Content starts

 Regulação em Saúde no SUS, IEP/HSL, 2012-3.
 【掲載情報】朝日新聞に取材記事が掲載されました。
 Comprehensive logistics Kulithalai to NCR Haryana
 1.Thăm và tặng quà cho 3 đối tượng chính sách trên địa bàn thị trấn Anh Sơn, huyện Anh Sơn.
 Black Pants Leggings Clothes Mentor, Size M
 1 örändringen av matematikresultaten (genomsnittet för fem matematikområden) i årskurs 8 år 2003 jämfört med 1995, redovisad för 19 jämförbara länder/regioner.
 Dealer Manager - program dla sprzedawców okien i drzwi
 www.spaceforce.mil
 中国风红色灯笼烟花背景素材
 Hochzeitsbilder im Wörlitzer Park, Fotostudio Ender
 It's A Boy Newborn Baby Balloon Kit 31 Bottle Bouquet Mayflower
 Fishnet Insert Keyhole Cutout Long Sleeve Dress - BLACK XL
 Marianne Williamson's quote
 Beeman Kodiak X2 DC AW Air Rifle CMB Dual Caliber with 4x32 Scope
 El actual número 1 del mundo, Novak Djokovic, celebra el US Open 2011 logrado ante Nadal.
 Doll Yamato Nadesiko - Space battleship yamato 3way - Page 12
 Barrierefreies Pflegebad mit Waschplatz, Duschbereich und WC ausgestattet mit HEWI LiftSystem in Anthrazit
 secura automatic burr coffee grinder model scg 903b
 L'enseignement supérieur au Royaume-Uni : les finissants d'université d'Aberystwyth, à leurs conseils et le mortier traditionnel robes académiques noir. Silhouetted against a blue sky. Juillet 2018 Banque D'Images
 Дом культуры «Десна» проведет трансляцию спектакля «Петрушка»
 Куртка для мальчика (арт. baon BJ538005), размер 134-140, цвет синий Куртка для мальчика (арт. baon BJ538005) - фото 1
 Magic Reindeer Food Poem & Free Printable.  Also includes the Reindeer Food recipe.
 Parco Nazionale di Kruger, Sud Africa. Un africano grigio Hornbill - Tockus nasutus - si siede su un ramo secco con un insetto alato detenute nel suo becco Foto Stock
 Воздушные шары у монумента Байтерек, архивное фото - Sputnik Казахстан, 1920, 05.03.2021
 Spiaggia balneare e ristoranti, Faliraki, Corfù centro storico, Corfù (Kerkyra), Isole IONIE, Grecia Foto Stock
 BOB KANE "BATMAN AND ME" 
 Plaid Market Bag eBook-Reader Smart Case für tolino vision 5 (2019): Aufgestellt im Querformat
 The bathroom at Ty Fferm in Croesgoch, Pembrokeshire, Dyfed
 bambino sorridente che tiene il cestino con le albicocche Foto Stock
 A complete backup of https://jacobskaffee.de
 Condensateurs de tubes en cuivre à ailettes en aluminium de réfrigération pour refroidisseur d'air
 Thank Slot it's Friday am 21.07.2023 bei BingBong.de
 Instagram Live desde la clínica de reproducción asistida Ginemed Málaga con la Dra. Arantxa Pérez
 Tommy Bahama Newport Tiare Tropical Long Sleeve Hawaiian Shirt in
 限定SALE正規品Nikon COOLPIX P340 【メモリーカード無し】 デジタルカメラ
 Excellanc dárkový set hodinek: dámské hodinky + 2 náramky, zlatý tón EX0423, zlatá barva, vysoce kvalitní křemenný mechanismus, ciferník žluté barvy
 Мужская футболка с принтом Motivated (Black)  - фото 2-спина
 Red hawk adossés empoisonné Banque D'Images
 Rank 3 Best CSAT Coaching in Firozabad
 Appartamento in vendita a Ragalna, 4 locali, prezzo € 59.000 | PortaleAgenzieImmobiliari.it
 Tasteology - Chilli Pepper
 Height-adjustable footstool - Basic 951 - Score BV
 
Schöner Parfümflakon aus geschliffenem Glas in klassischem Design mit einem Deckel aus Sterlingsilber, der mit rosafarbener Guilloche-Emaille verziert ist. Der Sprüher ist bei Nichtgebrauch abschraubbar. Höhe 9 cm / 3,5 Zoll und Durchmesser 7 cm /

Content ends

## [Task requirements]
Report all lines in the listing above that contain the word "Images".

## [Response for this exercise]
 L'enseignement supérieur au Royaume-Uni : les finissants d'université d'Aberystwyth, à leurs conseils et le mortier traditionnel robes académiques noir. Silhouetted against a blue sky. Juillet 2018 Banque D'Images
 Red hawk adossés empoisonné Banque D'Images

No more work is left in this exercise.